Ao meio-dia no Morro da Glória, domingo ensolarado, um menino brincava com uma vara de bambu e um escudo feito com o que sobrou de uma caixa de papelão. Concentrado na batalha, defendia-se dos golpes de invisíveis moinhos de vento e contra-atacava com a lança sacada de alguma moita nas cercanias.
Movia-se compenetrado na calçada em frente a uma quitanda, que já não era quitanda, mas um mercado medieval. E os invisíveis moinhos de vento eram gigantes biomecânicos saídos dos devaneios de algum programador de videogames, e os óculos fundo de garrafa do menino a viseira metálica de um elmo cor de chumbo.
– Não fujais, covardes e vis criaturas; é um só cavaleiro o que vos investe – pensei tê-lo ouvido gritar.
A Igreja da Glória era agora uma abadia onde monges guardavam segredos e experimentavam com processos alquímicos recém-chegados das distantes terras da Pérsia. E o Colégio Santa Catarina, um mosteiro onde freiras enclausuradas oravam sem saber da batalha que se desenrolava no lamacento morro onde seu claustro encontra-se incrustado.
Abaixo, cruzando uma estradinha que corta o reino de Norte a Leste, erguia-se do bosque o majestoso palácio imperial, guardião de tesouros de valor inestimável, inalcançáveis para as vistas da plebe rude. Mas ali nada interessava a nosso herói: queria antes a rua e a ação, a glória dos bravos que não temem nada e que nada almejam senão o amor de alguma camponesa roliça do sexto ano do ensino fundamental.

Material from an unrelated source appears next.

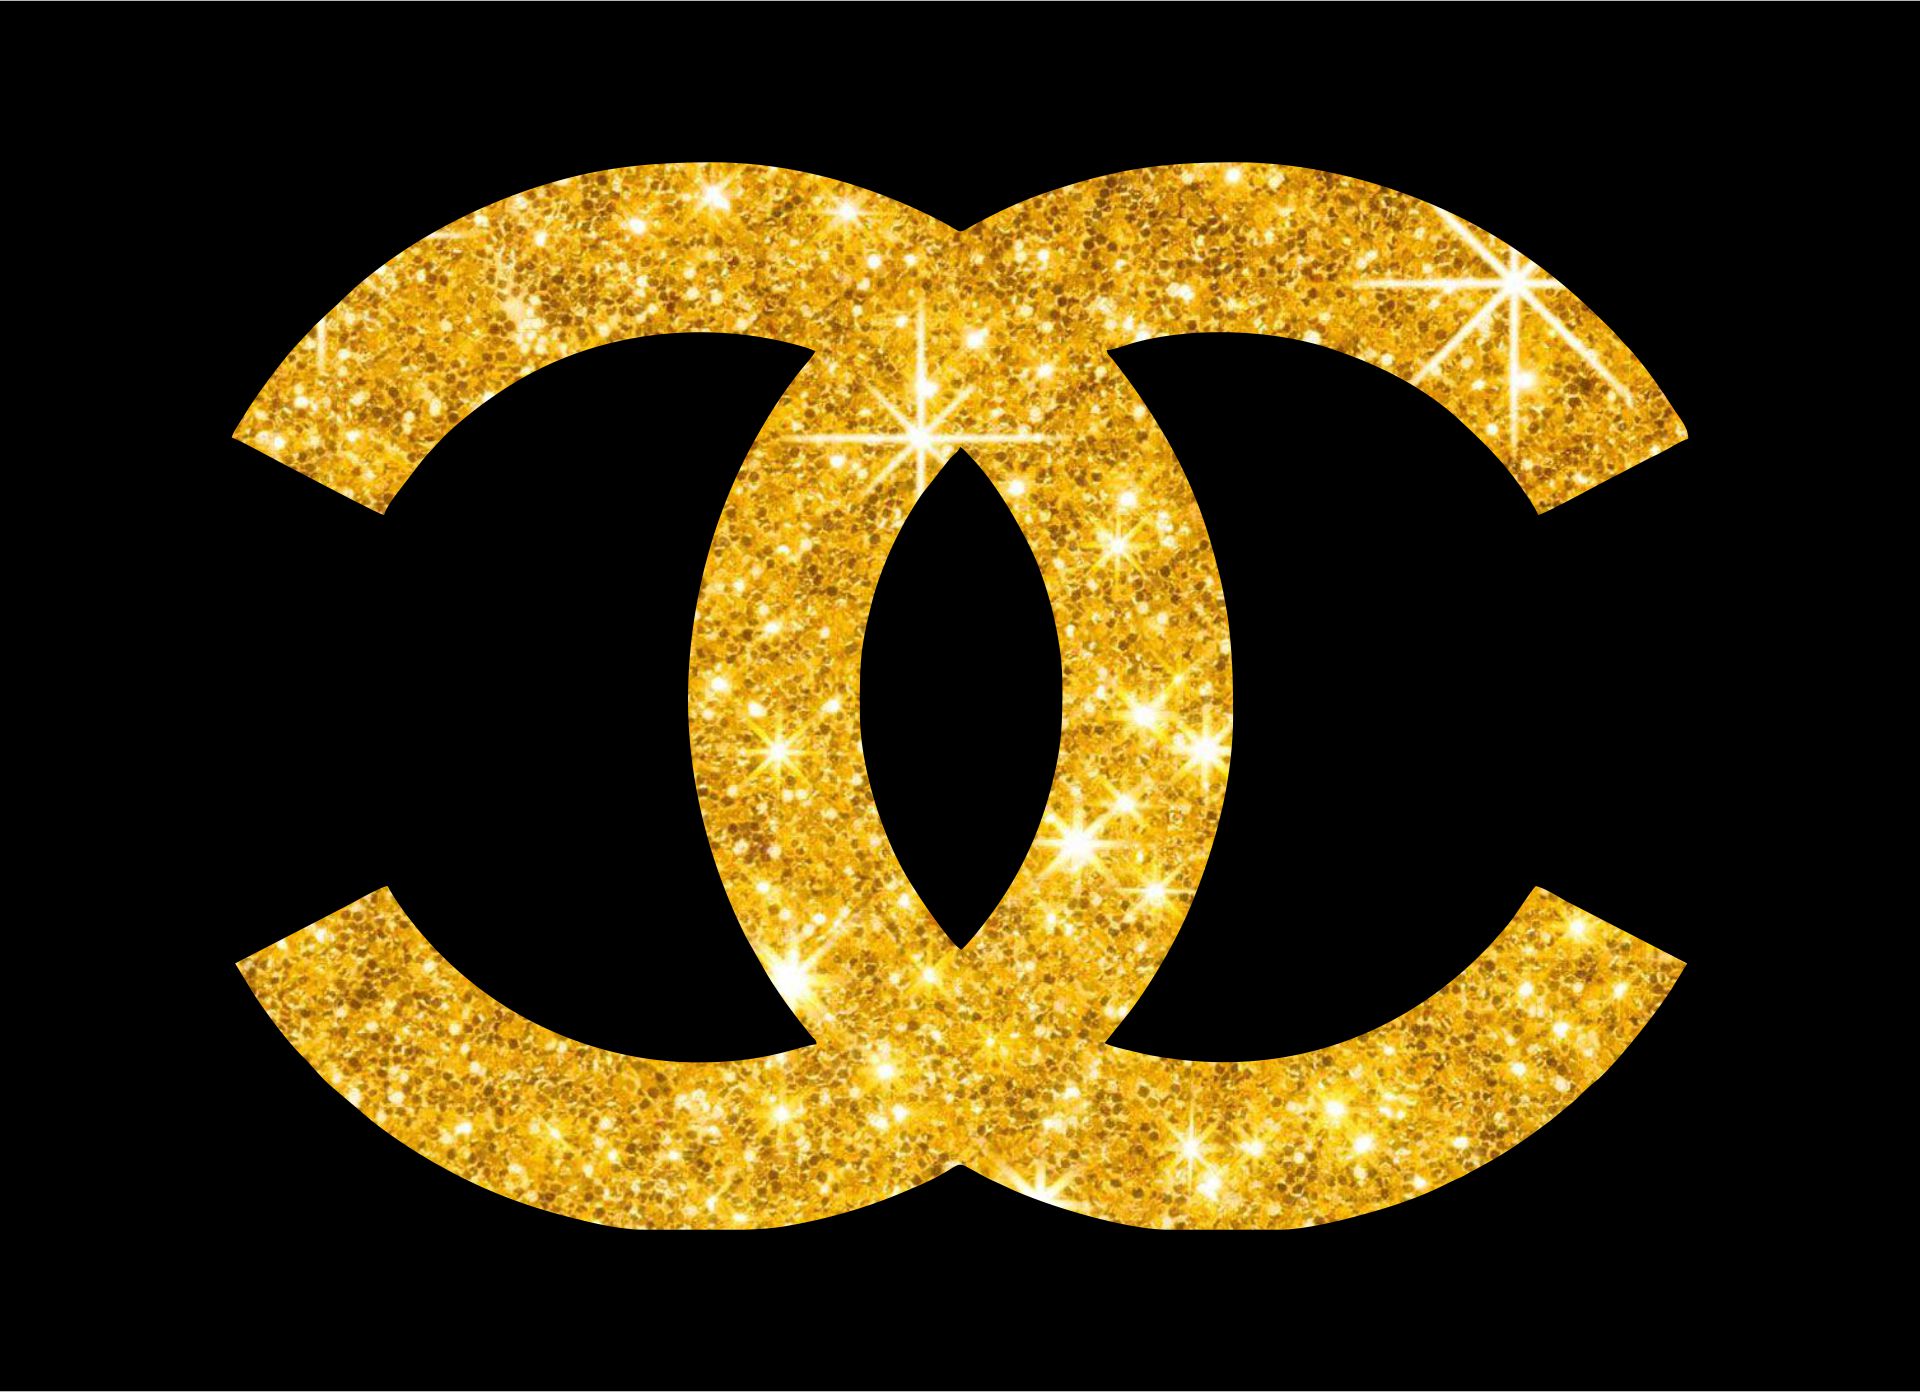 8 Best Images of Chanel Wall Art Free Printable - Coco Chanel Logo Clip

E por isso – por amor, e só por amor – ele atacava sem parar, avançando contra os gigantes com sua lança de bambu amarelo, recuando somente para defender-se com seu escudo de papelão de quitanda. Na estrada-rua, trafegavam apáticos coches-carros, alheios ao clangor das armas.
Foi isso o que vi enquanto dirigia rumo ao Bar do Bode para um prato de sardinha ao molho de tomate e cebolas.
E quem por lá passou e o mesmo não viu, bem se vê que não anda corrente nisto das aventuras.